RDG: Generating Extensive Dungeons

Continuing with my musings on random dungeon generators, I thought I’d look at Beedo’s blog post this time around. Beedo has a different goal than Alexis: prepping megadungeons, instead of solitaire play. He settles on the idea of random dungeon generation to fill in the details of the map and the room key as quickly as possible. We’re mostly talking about reducing the tedium of a very large task, although we also want to avoid tedious output. We don’t want the dungeon map or room key to be too monotonous.

The zone approach mentioned in the previous RDG post would help, but you have to think of the process differently. Instead of rolling as you enter each zone, and possibly having zones change back and forth without much rhyme or reason, you start at the top conceptual level – broad megazones. Say you have a ten level dungeon in the works. For each level, roll 2d6, 2d4, or 2d6/2, depending on how “mega” you want your megadungeon. That’s the number of megazones. Roll 2d4 or 1d6 for each megazone: that’s the number of zones. Each zone has the same zone type as the megazone it is in, so you may have a cluster of Cavernous Lairs, or Ruins+Tribes. Instead of rolling once on the zone-appropriate subtables for each megazone, roll for each zone.

This may be a little hard to see, since I haven’t actually offered any example subtables. I’m imagining there’d be at least one structural subtable for each structure type (Caverns, Warrens/Mazes, Tomb, Ruins, Fort, others.) Possibly a separate subtable or set of subtables to create the structure of the “focal room”, which wouldn’t be a plain, ordinary structure, but might have an unusual shape, multiple height levels, pillars, obstacles, or unusual exits.

Then, you’d have subtables for room types, which basically determine the possible furnishings of the generic rooms in the zone, For example, a Tribe area might have sleeping chambers, storage areas, feeding areas, training areas, guardposts, prisoner areas, etc. Each zone would have two or three room types, rolled randomly.

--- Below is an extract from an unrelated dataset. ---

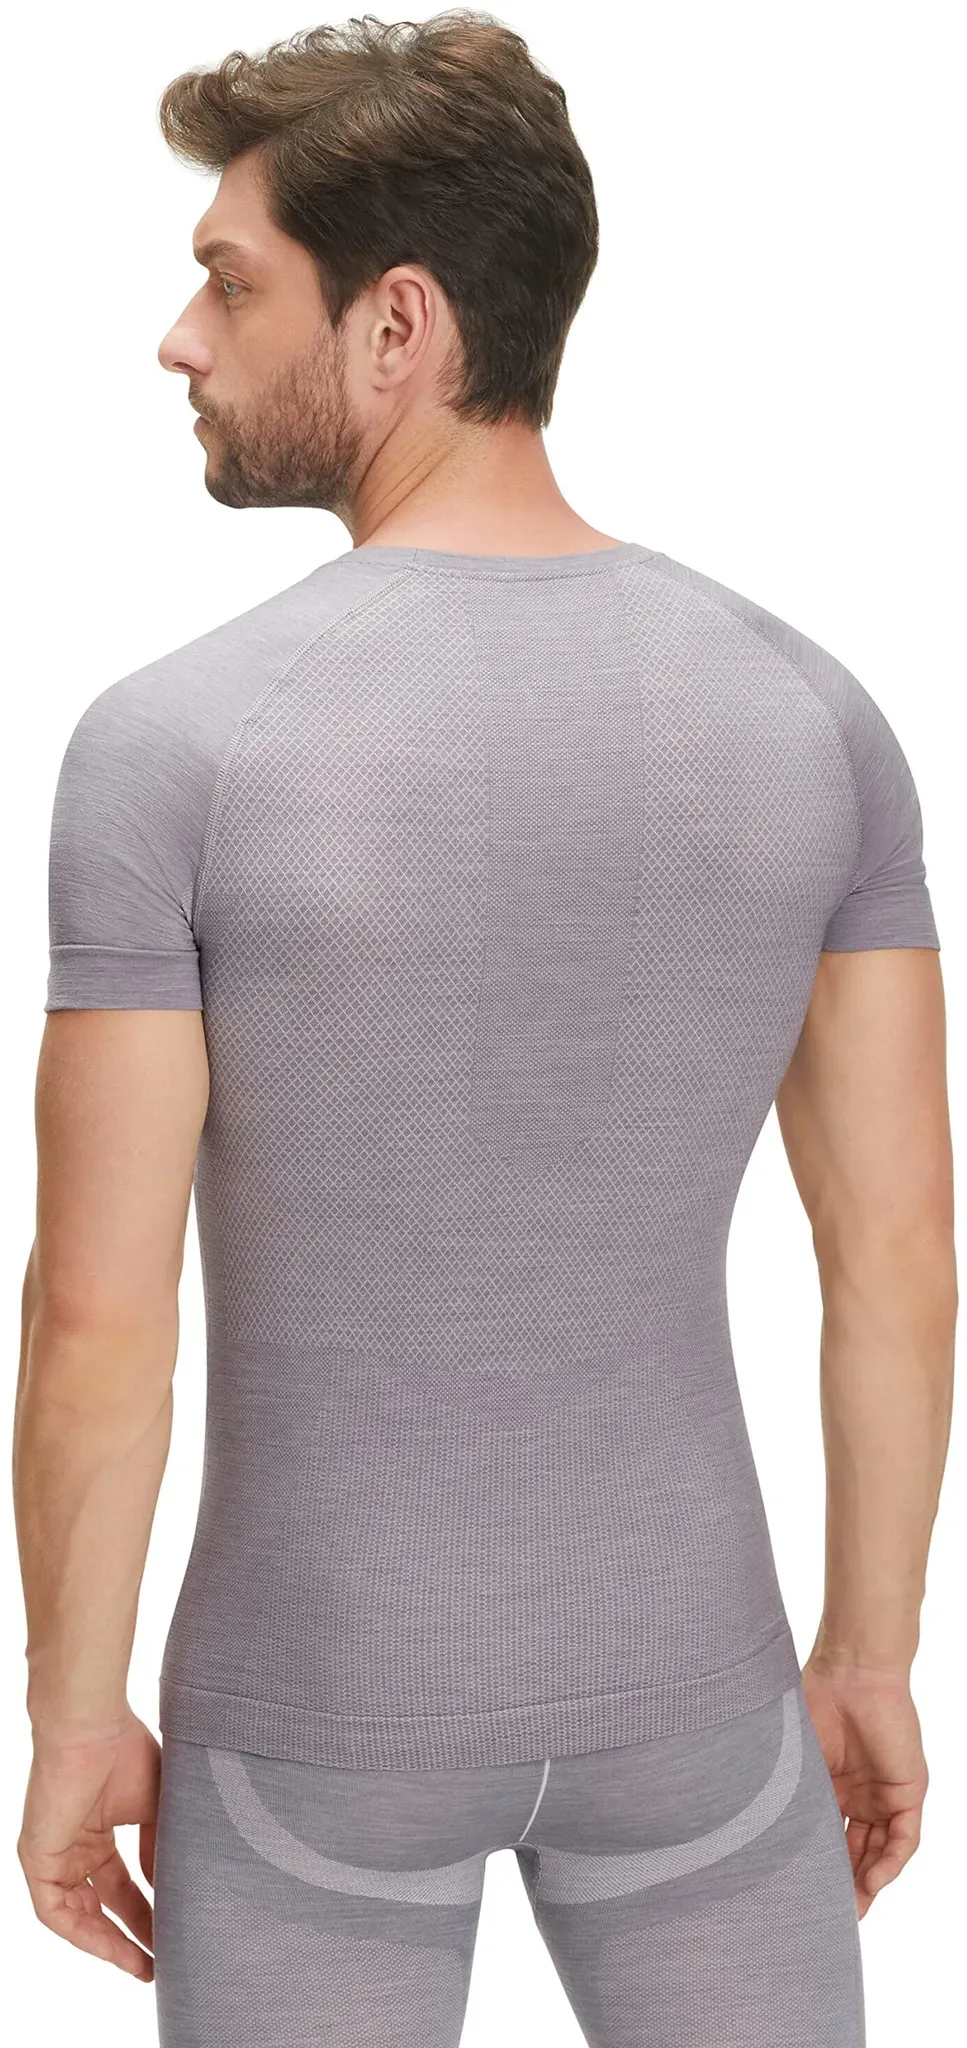 FALKE Herren Baselayer-Shirt Wool-Tech Light Round Neck M S/S SH Wolle Schnelltrocknend 1 Stück, Grau (Grey-Heather 3757), XL

Then, you have subtables for various monster types: vermin, domestic, guard, wild beast, monstrous beast, humanoid, human, superhuman, cursed (modifies one of the other types.) Each kind of zone will have two or three kinds of vermin, one or two other mid-range creatures, and a primary type and possibly secondary type, based on the area type (Lair, Cursed, Hideout, Tribal, etc.) So, four to seven monster varieties in any given zone. You build your stocking table and wandering monster table from those monsters.

You’d have a couple other subtables for things like traps, hazards, treasure and miscellaneous minor features. These would round out the area.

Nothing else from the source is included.